‘No man is an island’ wrote 16th Century poet John Donne. He was right. We’re planets – each of us home to 40 trillion bacterial inhabitants.
Richard Beckett is a researcher working in bio-augmented design at UCL’s Bartlett School of Architecture. His vision is to create buildings which – like the human body – could allow specific microbial communities (also known as ‘the microbiome’) to grow on them and in turn help us to fight infectious disease.
For him humans aren’t just the beings that inhabit a space, they’re spaces to be inhabited themselves. delete this par? He calls the concept “probiotic architecture”. “These indoor microbiomes can influence our health” says Richard “and I’m interested in how we might design buildings and their microbiomes to make buildings healthy and more resilient.’
Our understanding of the microbiome has progressed rapidly in recent years. Researchers are only beginning to unpick the entangled web that joins the microbes we harbour, and our body’s biological systems – from our digestion, to immune response, to hormones and even our neurochemistry. In the meantime, Richard is keen to work out how architecture can help pave the way to healthier buildings. “While we await better understanding of what exactly a healthy microbiome is from the medical fields, I hope to design ways to increase our daily exposure to microbial diversity.”

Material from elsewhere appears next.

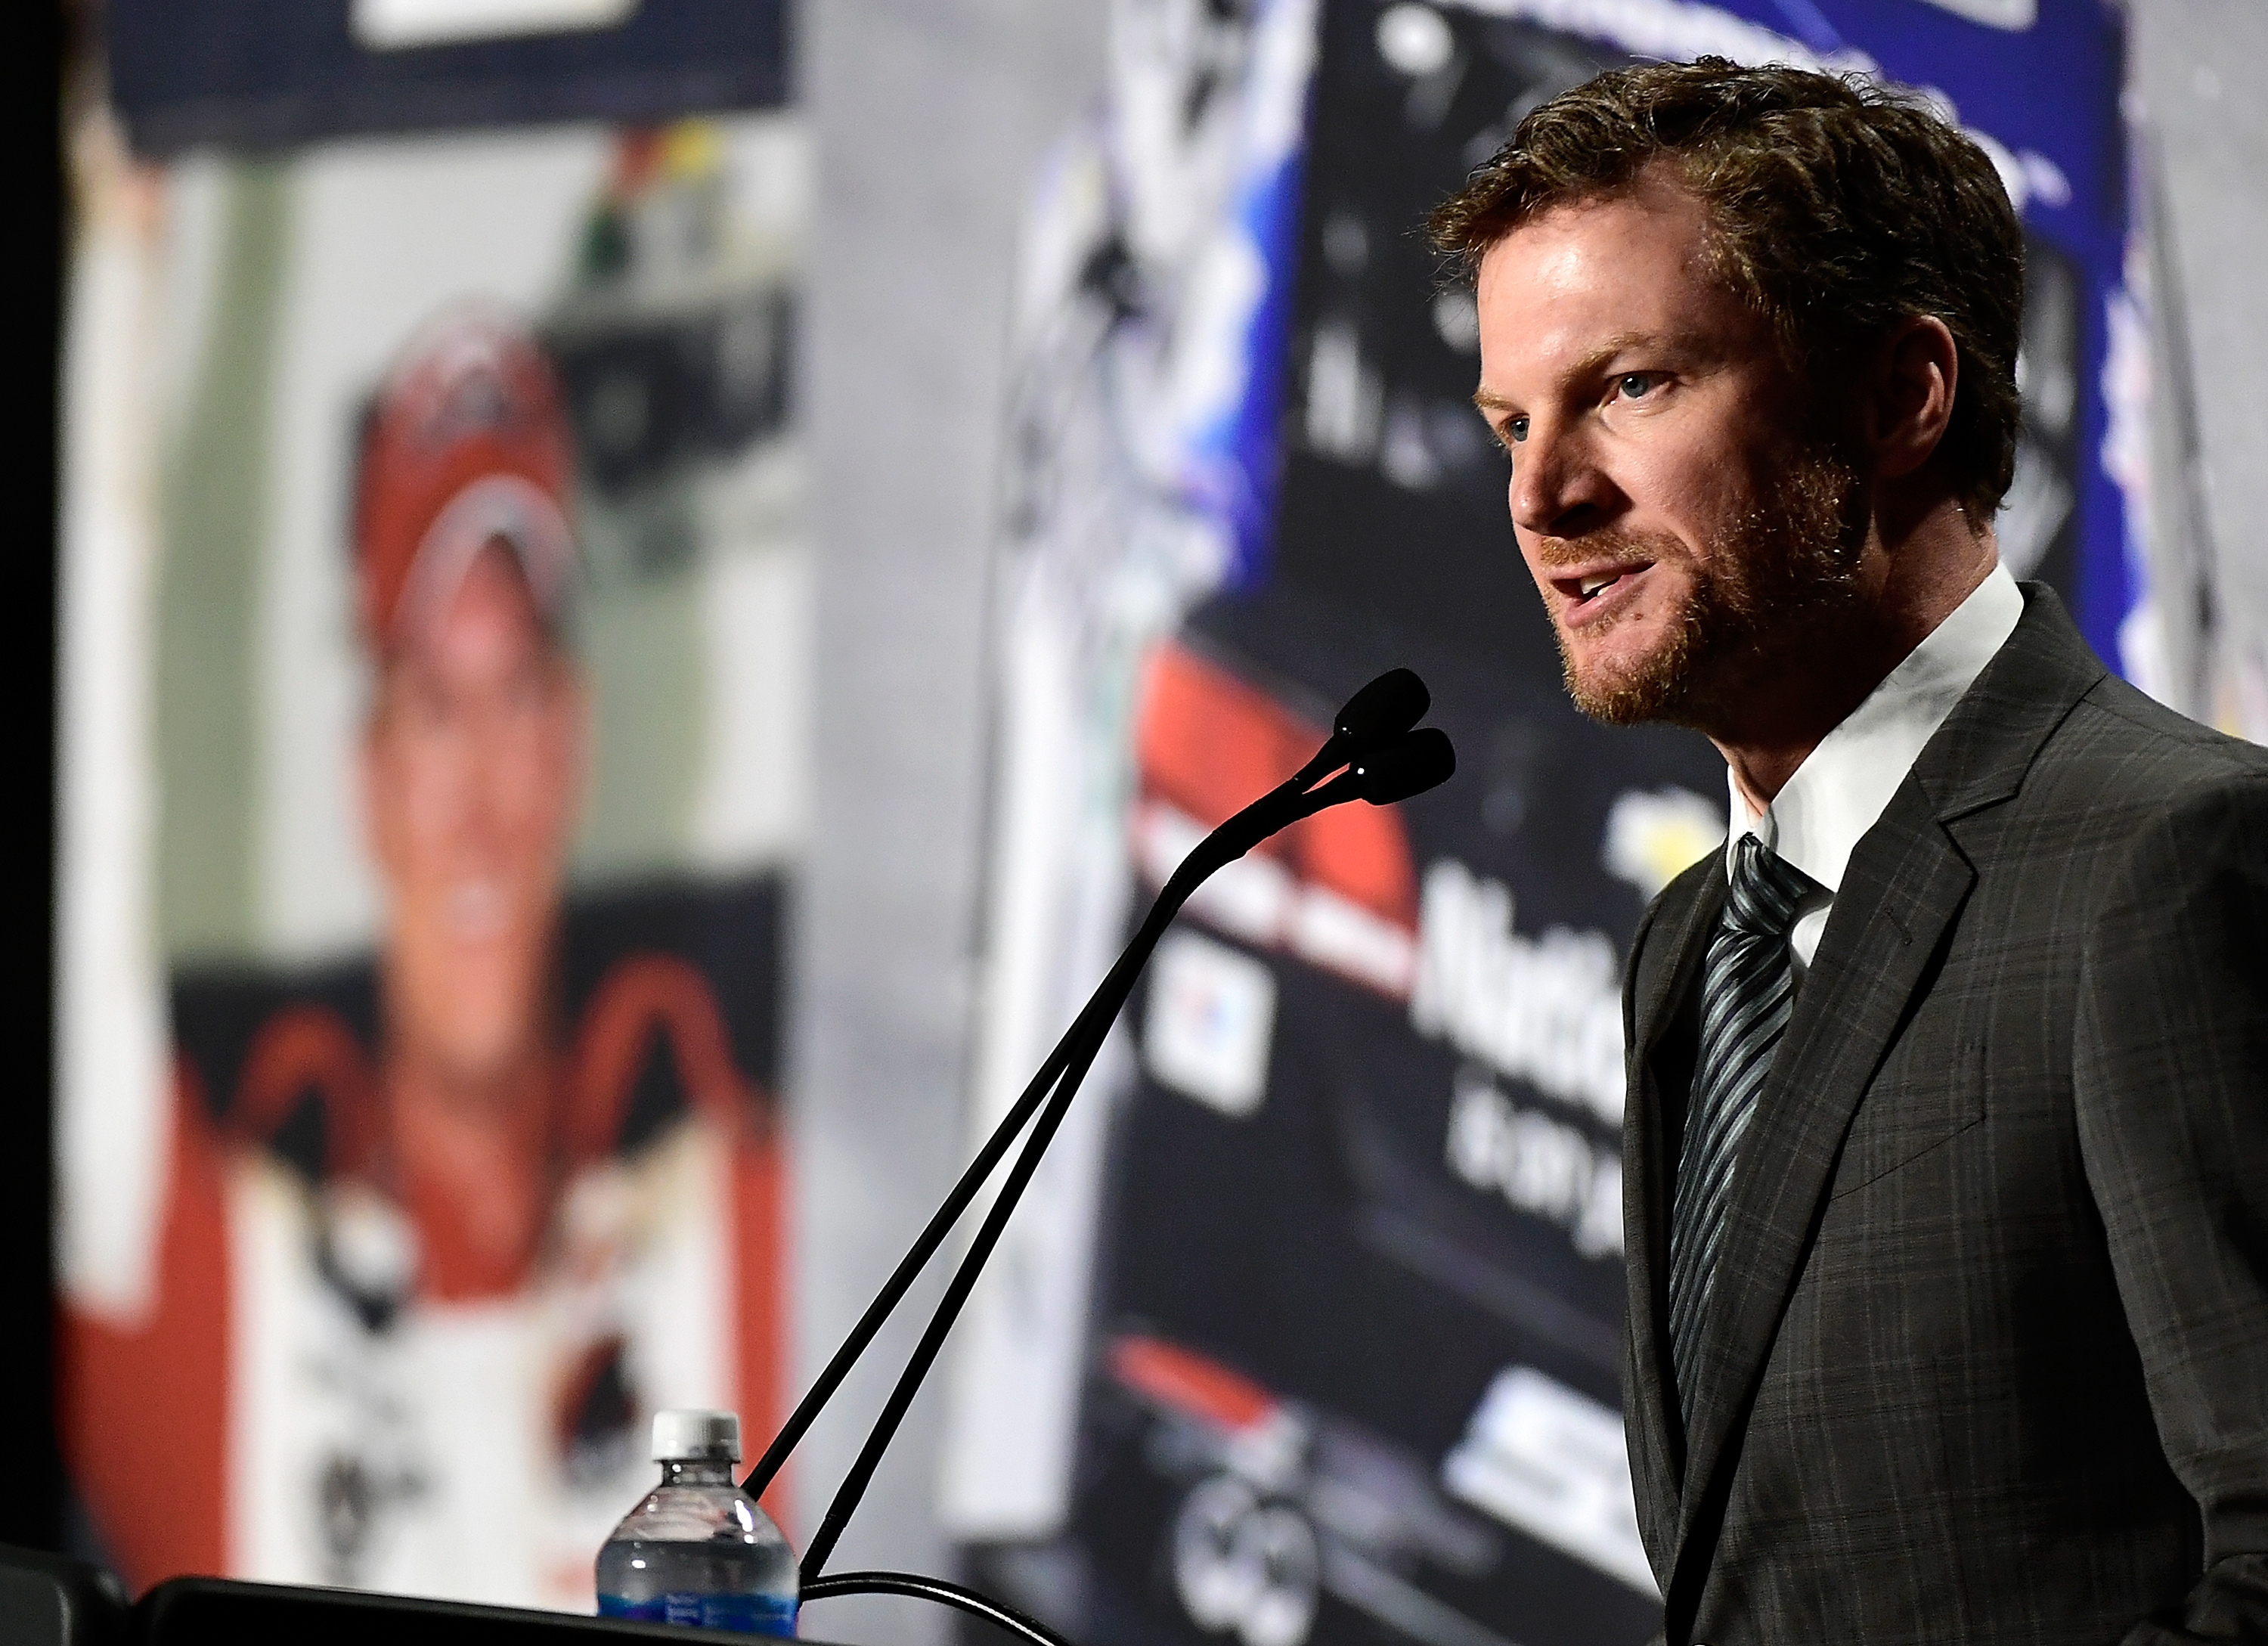 CHARLOTTE, NC - APRIL 25: Dale Earnhardt Jr. gives a statement announcing his retirement from NASCAR after the 2017 season at the Hendrick Motorsports Team Center on April 25, 2017 in Charlotte, North Carolina. (Photo by Mike Comer/Getty Images) | Getty Images

It is this biodiversity which is central to the success of cultivating healthy microbiomes. Picture an acre of mono-cultured crops of oil palms, then compare this to a jungle flourishing with towering emergents, through to mosses spreading across the floor, and all the orchids, vines, lianas, lichens flowers and fungi all providing the home for teeming wildlife. One will leach the ground it grows on of nutrients and life within a matter of harvest cycles, the other will remain resilient for generations. The same is true of microbiomes. Richard speaks about how our current methods for keeping infectious diseases at bay using bleaching and sterilisation leads us more down the path to the oilseed fields than the blossoming forest.
“The ‘kill all’ approach to microbes may in fact be helping bacteria to develop antibiotic resistance” say Richard “by blitzing surfaces with bleach you effectively create a blank slate for the first bacteria that comes along to thrive and multiply”. Designing for microbial diversity creates competition. Competition means pathogens share their new home with other more benign species. Alternatively, we might purposely choose to grow specific strains of bacteria on our building surfaces for example that have antimicrobial mechanisms that can then prevent antibiotic-resistant microbes growing.
And therein lies the ultimate goal for Richard’s research – buildings which can fight infectious disease before it ever reaches our bodies. In order to achieve this, he has taken an interdisciplinary approach from across the arts and science.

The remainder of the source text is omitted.